ANALYSIS: Iran’s IRGC Is Sabotaging Its Own Ceasefire and the Generals Holding the Phones Have No Incentive to Stop
The Islamic Republic walked out of its war with the United States and Israel still breathing, but barely recognizable. The man who had run Iran for nearly four decades is dead. The generals who built the Axis of Resistance are dead. The foreign policy apparatus that could once speak with a single, menacing voice has been replaced by a politburo-style Supreme National Security Council that argues with itself. And now, as Pakistani mediators try to haul Tehran back to the table in Islamabad, the regime is discovering that surviving a war and ending one are not the same problem.

The new supreme leader, Mojtaba Khamenei, has not appeared in public since inheriting the title from his assassinated father. Reports place him wounded and in hiding. How he transmits orders, and whether those orders are actually obeyed, is a mystery even to Iran watchers who have spent careers decoding the Islamic republic. In the vacuum, a group of Islamic Revolutionary Guard Corps hardliners has taken over day-to-day decisions, a shift that analysts at multiple Western institutes say show that the Islamic Republic is no longer a theocracy in any meaningful sense. It is a military-security state wearing clerical robes.

IRGC commander Ahmad Vahidi, Supreme National Security Council secretary Mohammad Bagher Zolghadr, and longtime regime fixer Mohsen Rezaei form the core of the war camp. They watched moderate voices get systematically removed from the board during Israel’s opening strikes. Former president Hassan Rouhani and Ali Larijani, the kind of figures who historically built bridges between the generals and the diplomats, are gone, literally or politically. President Masoud Pezeshkian, the one official publicly asking for a ceasefire, has been contradicted in public by the IRGC within hours of every concession he has floated. When he quietly signaled that the Strait of Hormuz could be reopened to commercial shipping, the armed forces slammed it shut again within days.

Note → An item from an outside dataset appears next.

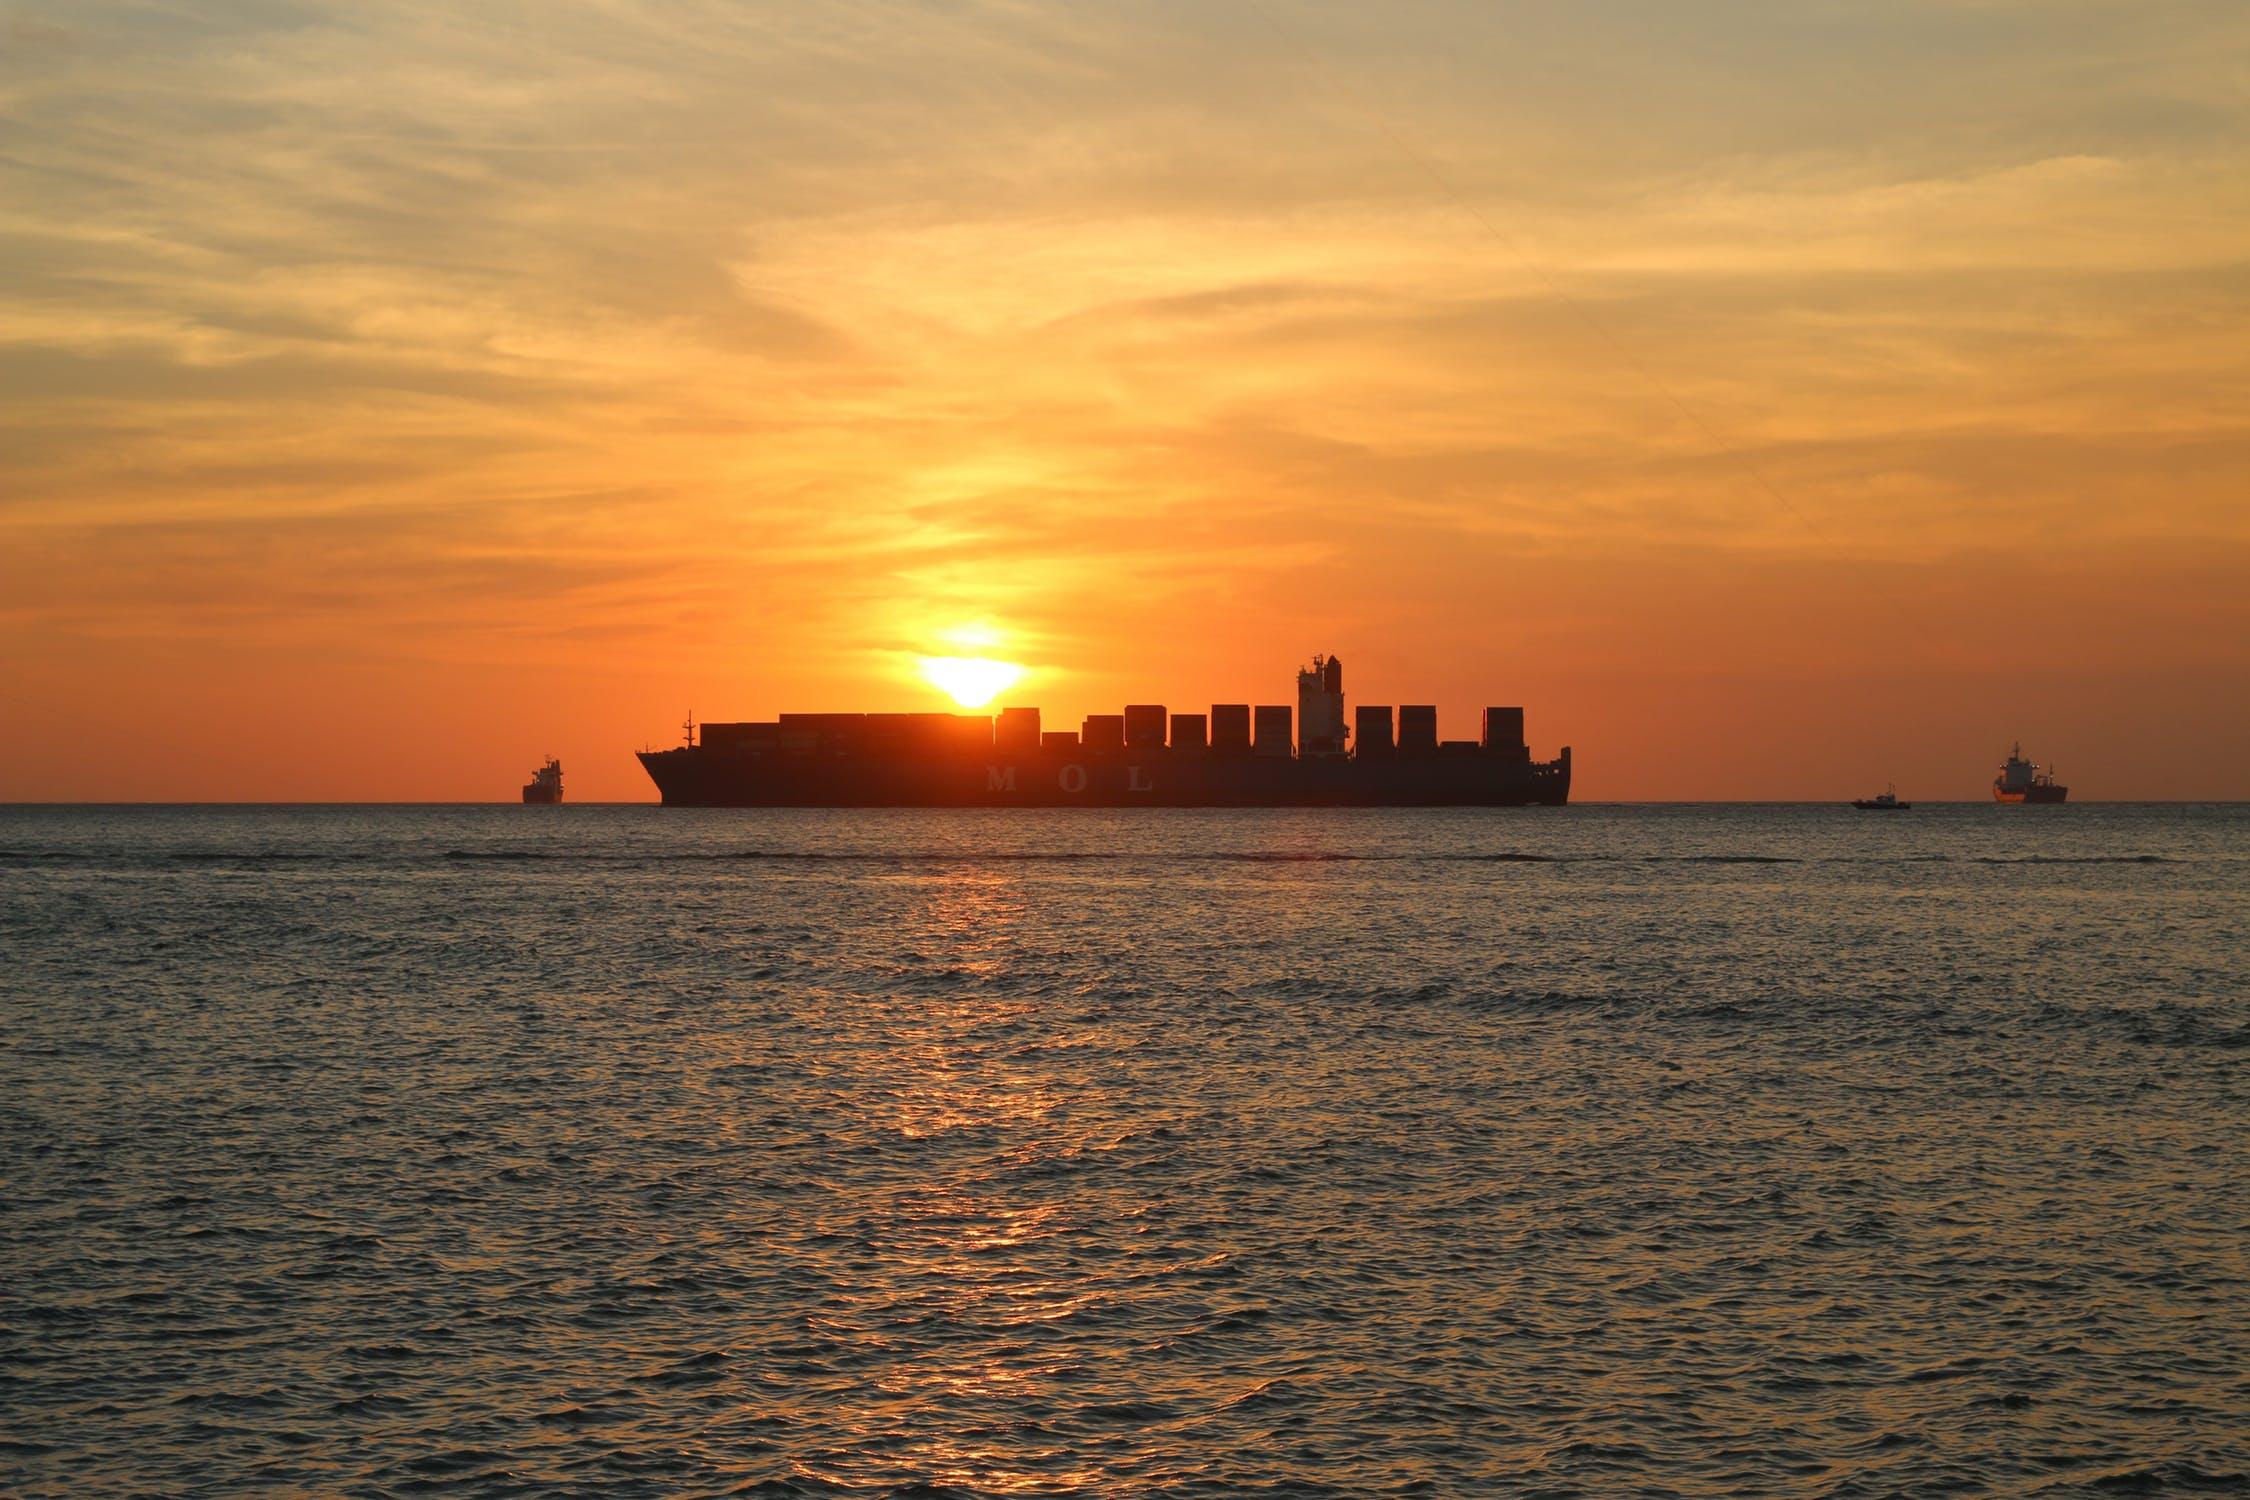 La gestión de tarifas en los freight forwarders está en evolución

This is the regime Washington is negotiating with, and it explains almost everything strange about the current moment. Iran has not formally rejected a deal. It has simply failed to produce one. The Vice President’s delegation was ready to fly to Islamabad. Tehran did not send its own. A senior Iranian official dismissed President Trump’s last-minute ceasefire extension as meaning “nothing.” Then, hours after that extension, the IRGC attacked three commercial ships in the Strait of Hormuz, a container vessel taking heavy damage to its bridge from gunboat fire. It is not the behavior of a government that has agency. It is the behavior of a government that cannot agree with itself and so defaults to the action that requires no internal consensus: shooting at things.
The US Navy is enforcing a physical blockade along Iran’s coast, not just the Strait. Kharg Island, the terminal that handles nine out of every ten barrels of Iranian crude, is reportedly full, with nowhere to send the oil. Treasury is unwinding the shadow fleet of tankers and shell companies that used to laundered Iranian exports through Chinese refiners. Press secretary Karoline Leavitt said the blockade is costing Tehran half a billion dollars a day. The rial has slumped past 700,000 to the dollar. Food inflation is stacking on top of currency collapse. Independent analysts now openly discuss the possibility that the government could run out of money before it runs out of options.
For Israel, this is the fight it has wanted to close out since the first bunker-busters fell on the Khamenei compound. The strategic logic Jerusalem laid out to the Americans was always that Iran’s nuclear ambition could not be stopped by a deal, only by removing either the capability or the regime. Half of that job is done and the Institute for Science and International Security estimates the centrifuge losses set Iranian enrichment back meaningfully. What remains is the stockpile of highly enriched uranium that Iran has refused to physically surrender, offering instead to down-blend it on Iranian soil, an offer that has not persuaded anyone in Washington. The Prime Minister’s Office is openly skeptical that talks will produce anything, and Israeli officials have told Hebrew media that CENTCOM and the IDF have approved a joint target bank for national and energy infrastructure if the clock runs out.

Every American assassination of a moderate bridge-builder made the regime more defiant, not less. Every IRGC victory in the internal succession war made Tehran less capable of delivering on the kind of concessions that could actually end the siege. The hardliners now holding the phones are, by temperament and by political survival, the people least equipped to make a deal the Americans will accept. And Khamenei the younger is too weak, too hidden, and too dependent on those same hardliners to overrule them.
President Pezeshkian has reportedly told confidants that the economy faces total collapse within weeks. The most likely outcome of the next round in Islamabad, if there is a next round, is not a deal and not yet a resumption of open war. It is more of what the Islamic Republic is doing right now, stalling, splintering, shooting at a tanker here and there, and hoping that Donald Trump blinks on oil prices before Iran’s own treasury does.

Israel, having learned what it learned over the last year about the half-life of Iranian promises, is not counting on any of that. The jets are already running exercises. The target bank is already approved. If Tehran cannot find a voice inside itself that speaks for the state as a whole, someone else will speak for it, loudly, from the air.